Banks’s Joy makes for a compellingly flawed and multifaceted lead, gaining empathy and toughness in equal measure as her arc progresses, while it’s really nice to see Weaver in a role that isn’t a simple cameo. Chris Messina also does good work as Joy’s husband Will, who takes Joy for granted in a very ‘60s Man way, but also genuinely loves her and appreciates her intelligence – this isn’t the typical tragically shitty marriage you see in most modern movies set in this time period, and Joy’s world feels much more believably lived-in as a result. Directing a feature for the first time, Phyllis Nagy (who also wrote the magisterial script for Todd Haynes’s Carol back in 2015) immerses us in this world with warm colours and great set design, though there is an overreliance on peppy musical montages.
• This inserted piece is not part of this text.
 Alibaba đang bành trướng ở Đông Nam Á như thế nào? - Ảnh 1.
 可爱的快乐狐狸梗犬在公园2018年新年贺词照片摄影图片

Though an epilogue scene celebrating the Supreme Court enacting Roe v. Wade hits a very curdled note (a problem for which Call Jane cannot be blamed but does still suffer for, which feels pretty fitting in its own way), this is a surprisingly light-hearted history lesson about the endless struggle for rights and equalities. As Virginia notes, there were fights before and there are fights to come, but it’s still important to celebrate whatever victories one can win. It’s a stirring idea that encompasses an obvious but still affecting awards-season dramedy, one that seems sure to be a staple of secondary school history classrooms for years to come.

Call Jane is released in UK cinemas on 4 November.